- Source material -
● ● ● ●

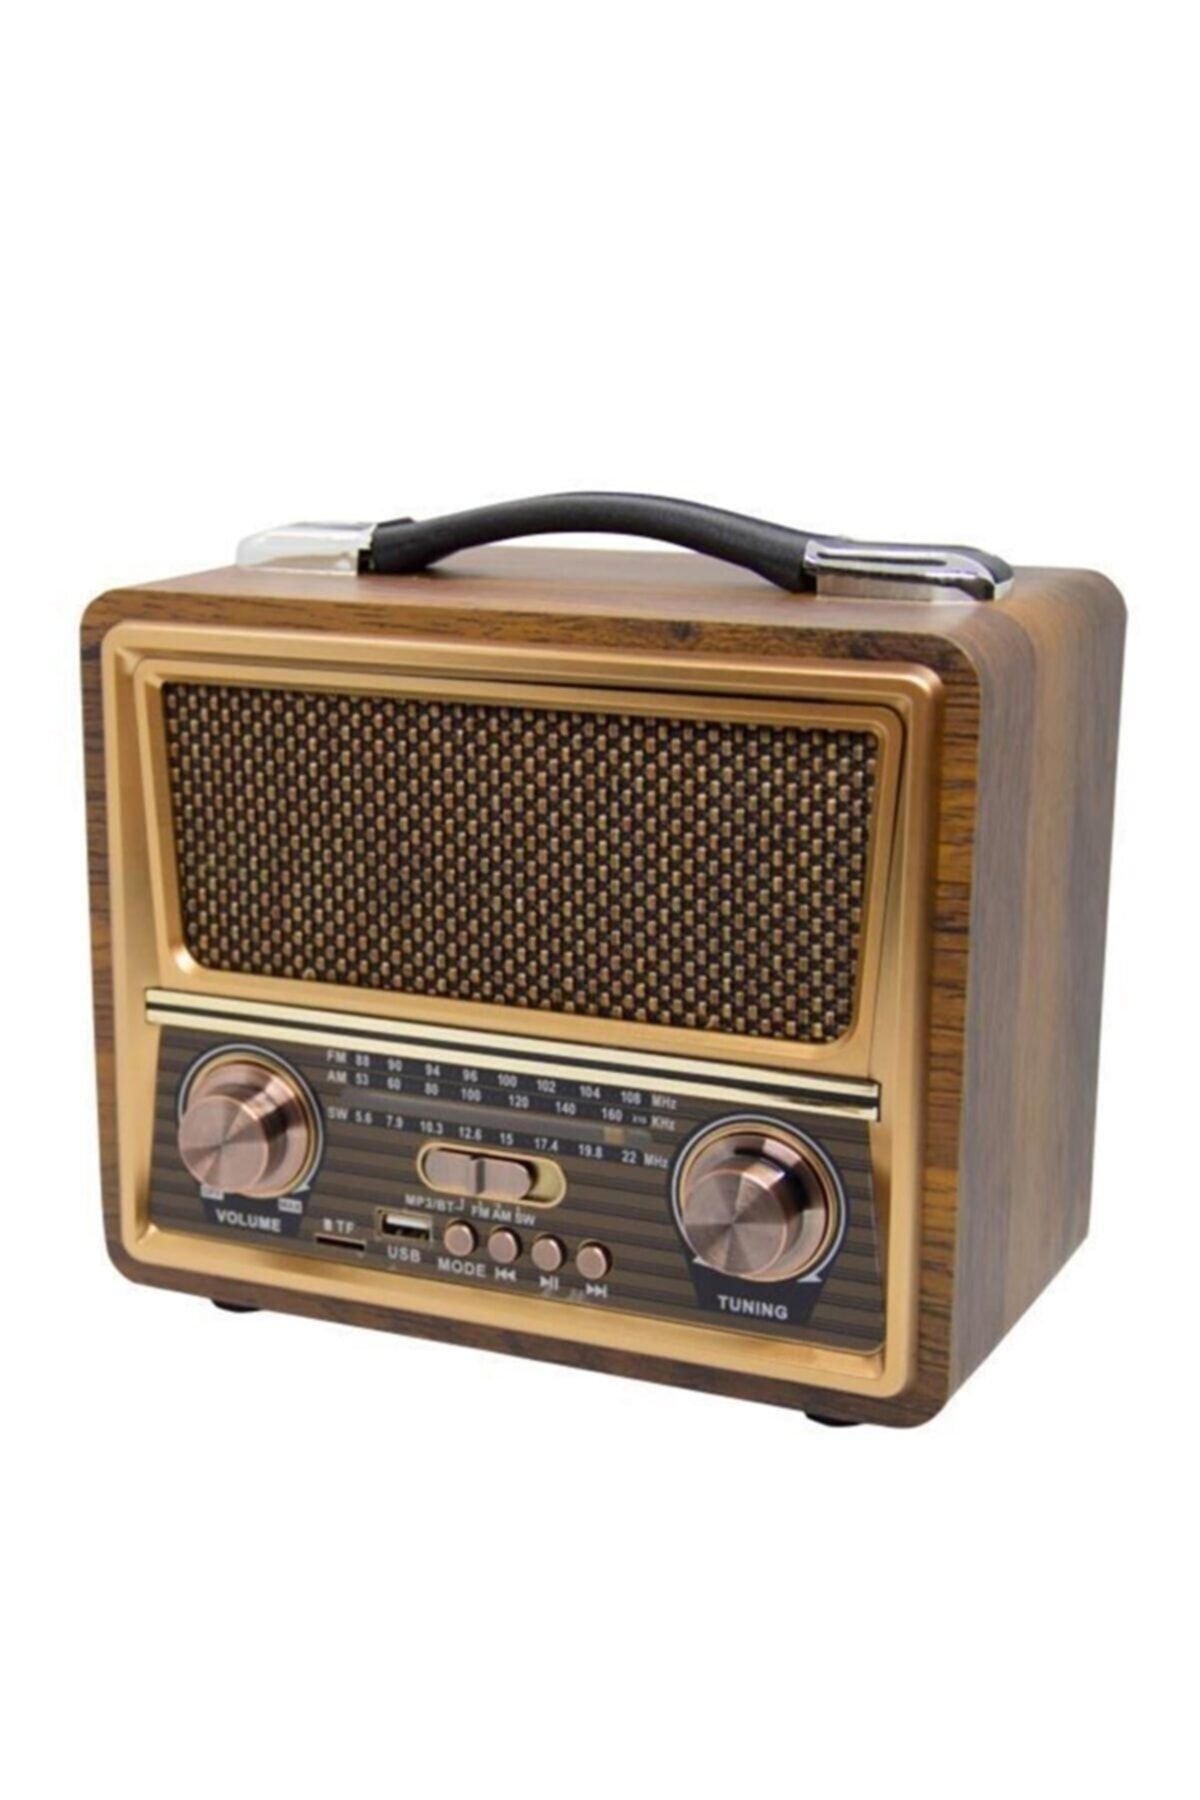 gaman Bluetoothlu Nostaljik Radyo Sd/usb/fm/şarjlı  Rt-821
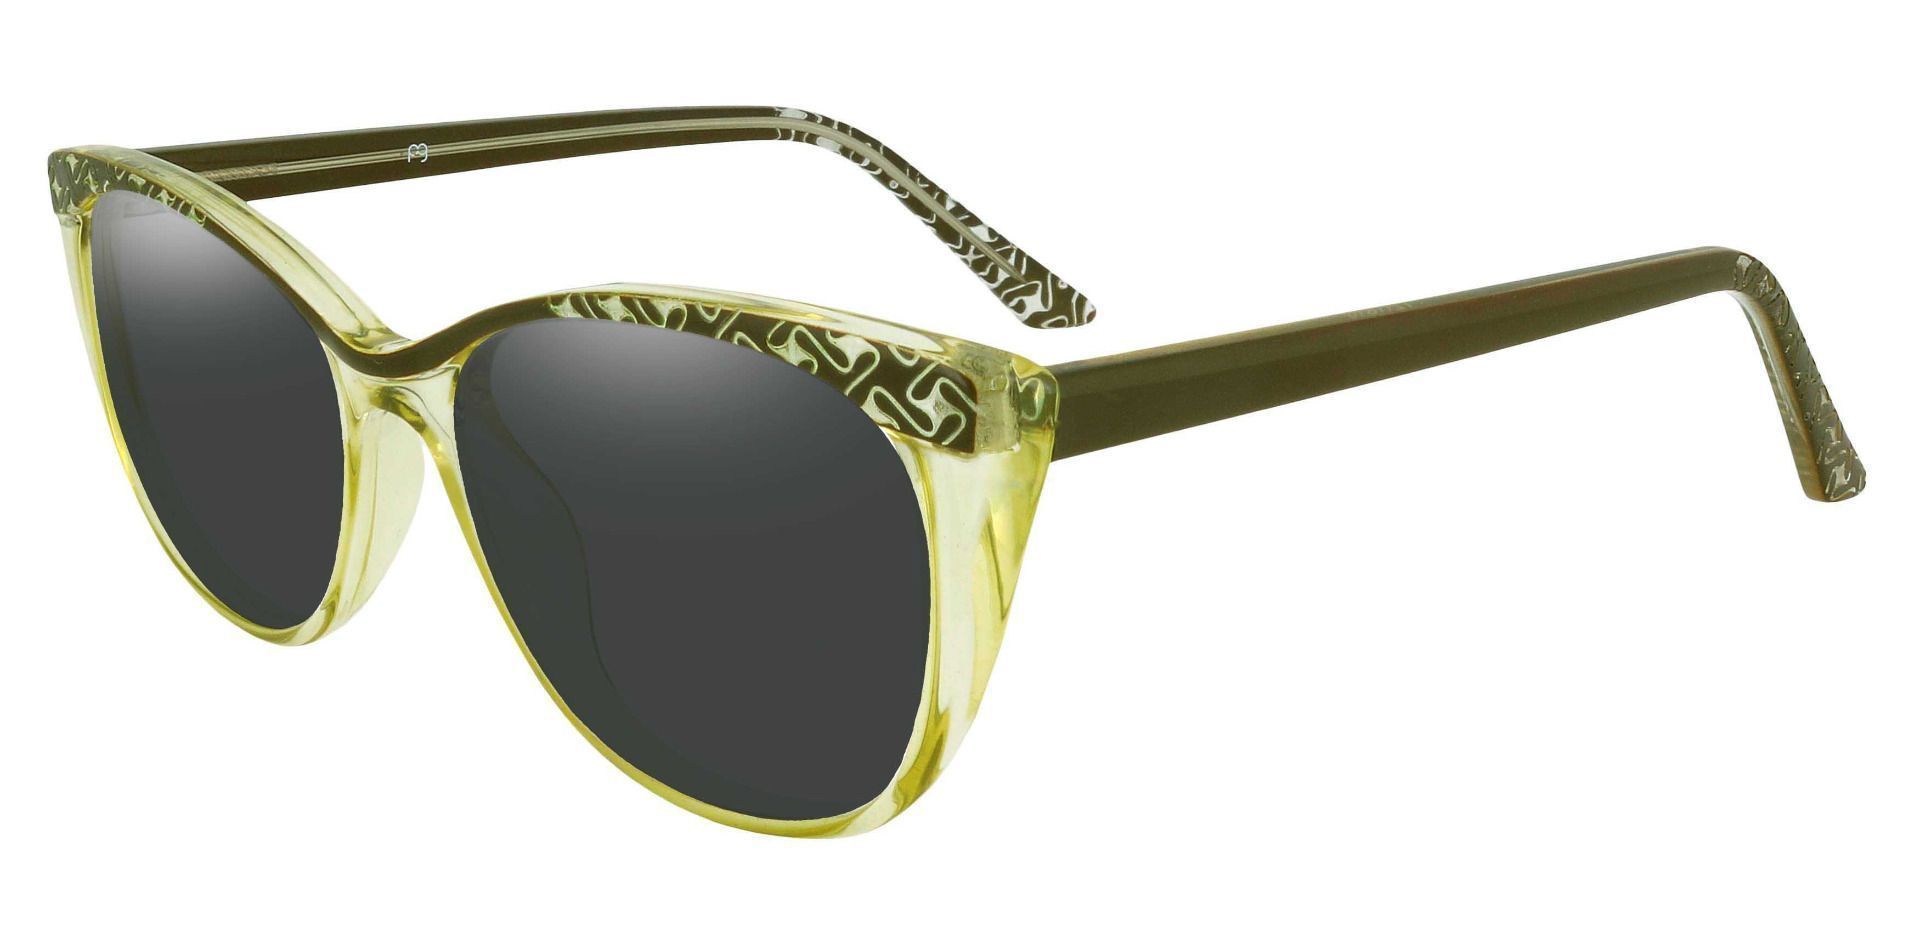 Alberta Cat Eye Prescription Sunglasses - Green Frame With Gray Lenses
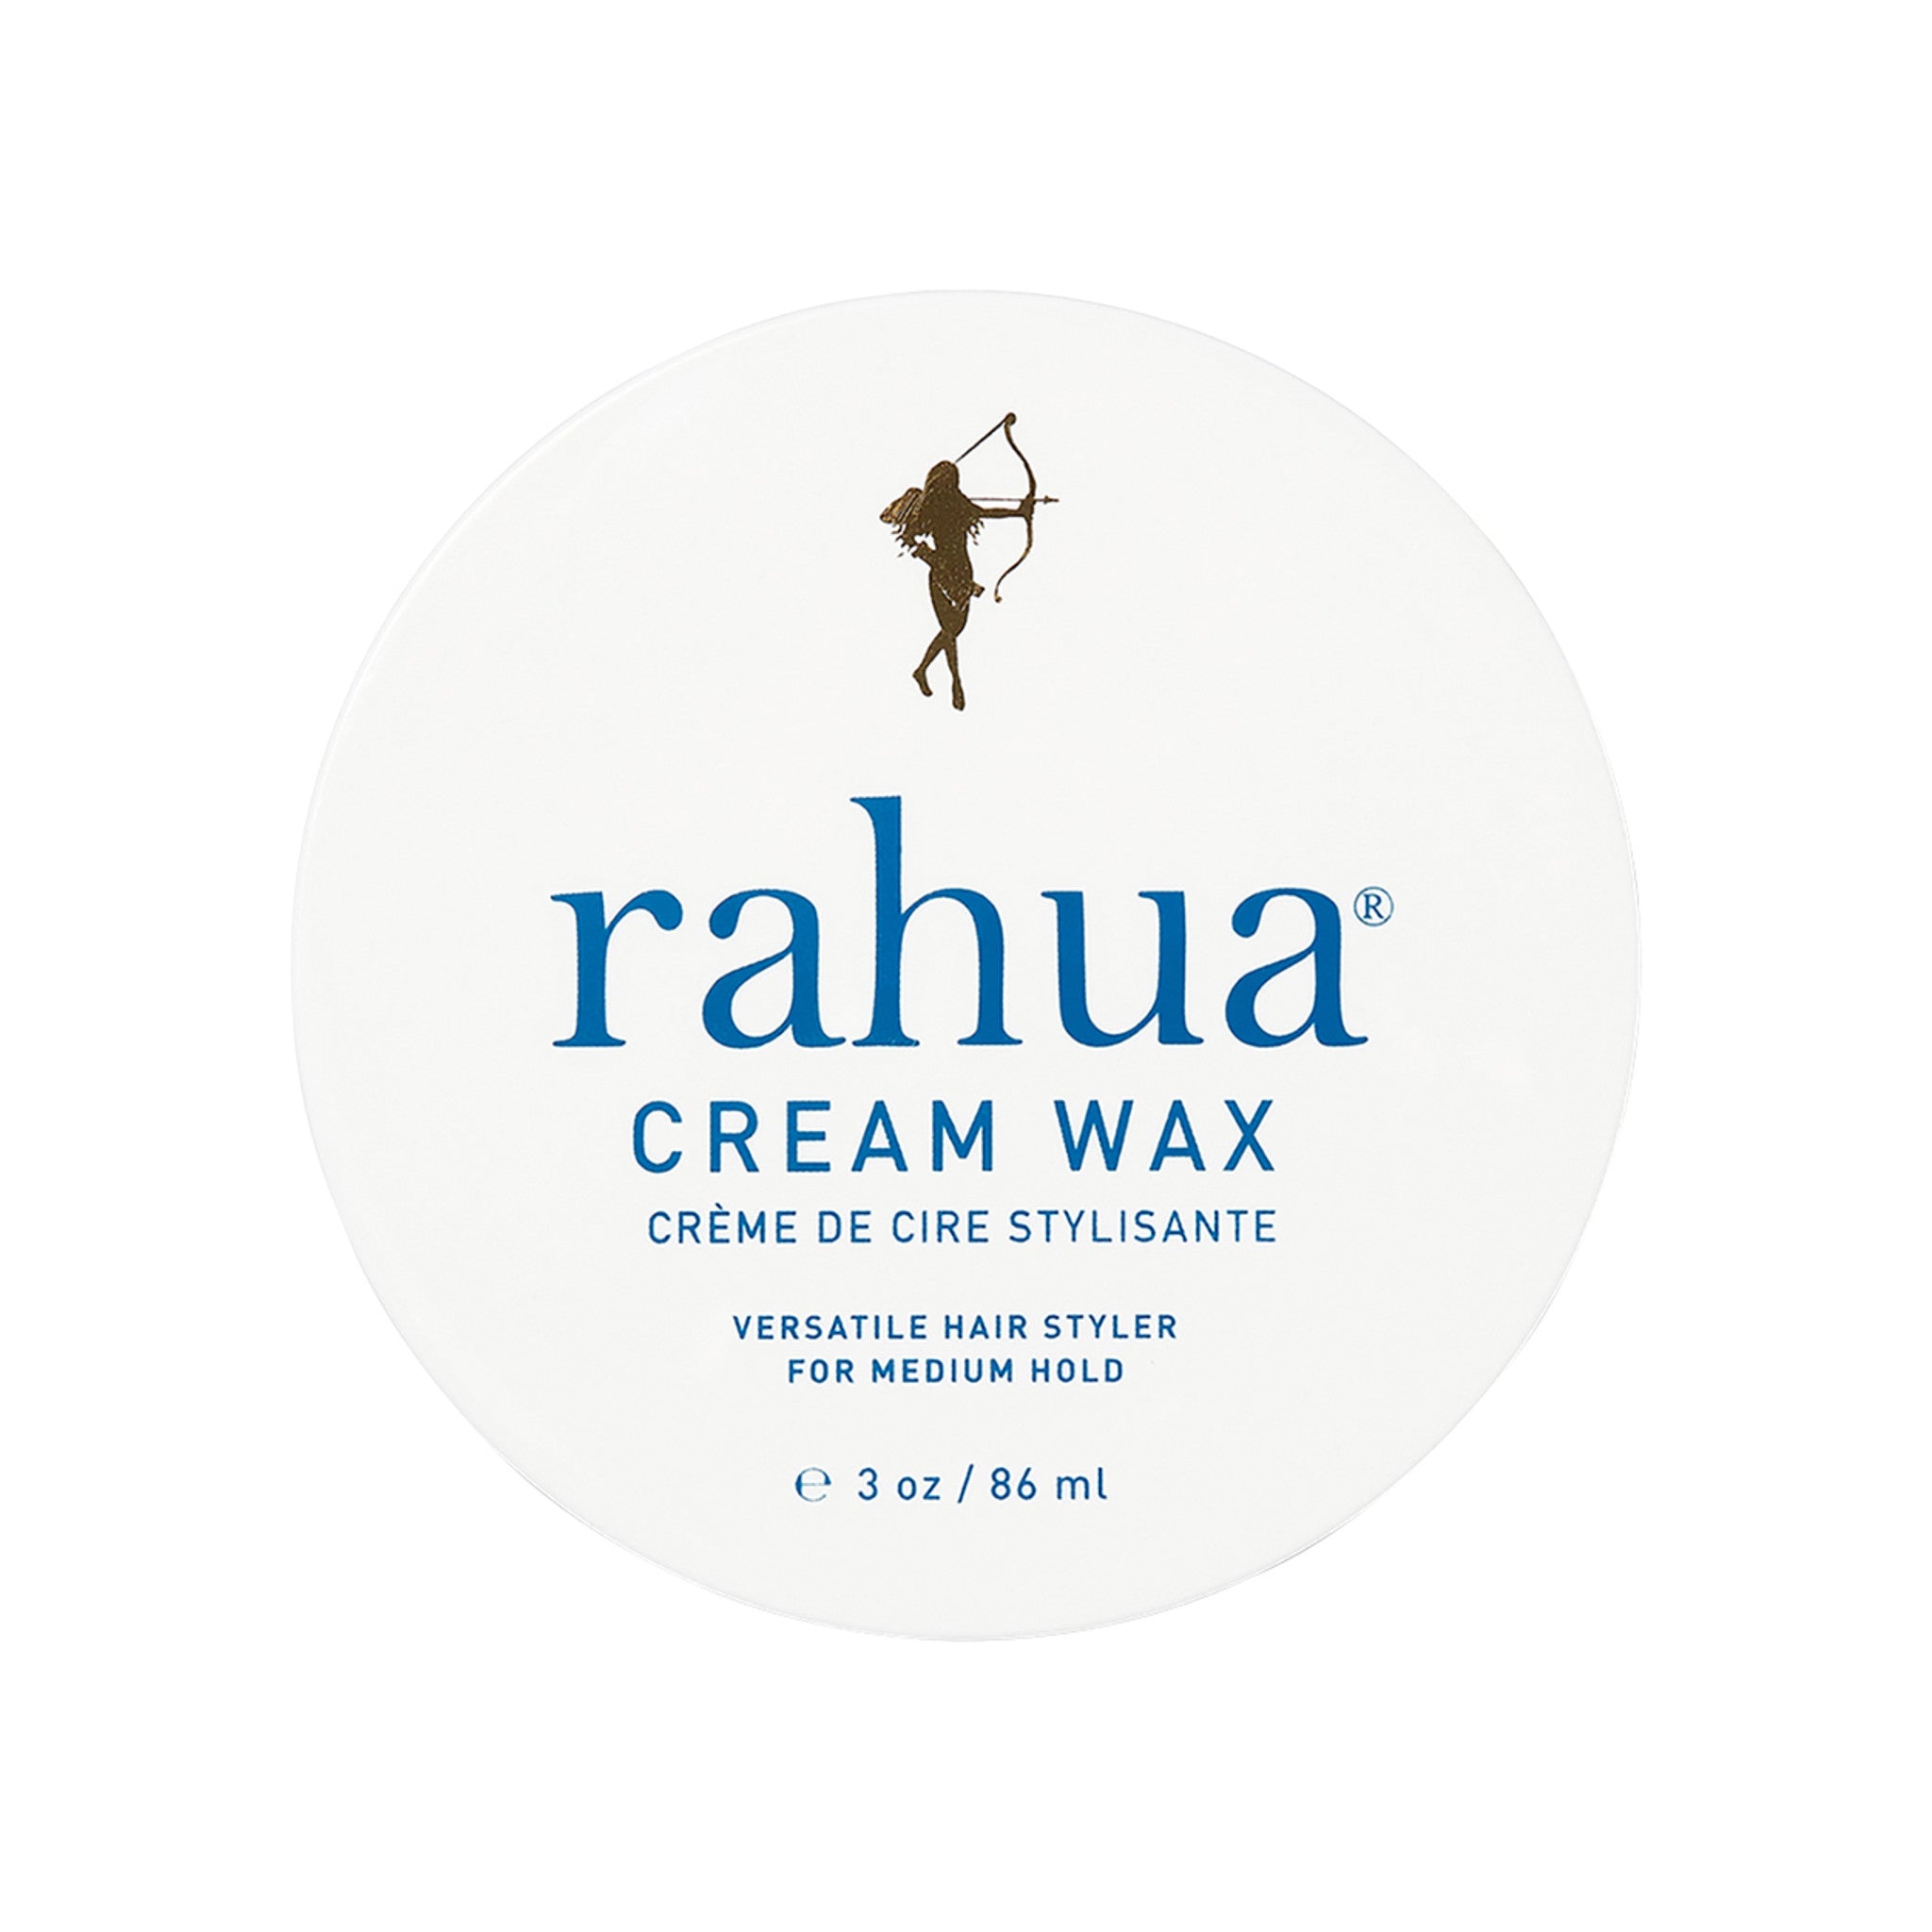 Rahua Cream Wax main image.

● ● ● ●

Give back an exact copy of the material above, omitting the pictures.

 gaman Bluetoothlu Nostaljik Radyo Sd/usb/fm/şarjlı  Rt-821
 Alberta Cat Eye Prescription Sunglasses - Green Frame With Gray Lenses
 Rahua Cream Wax main image.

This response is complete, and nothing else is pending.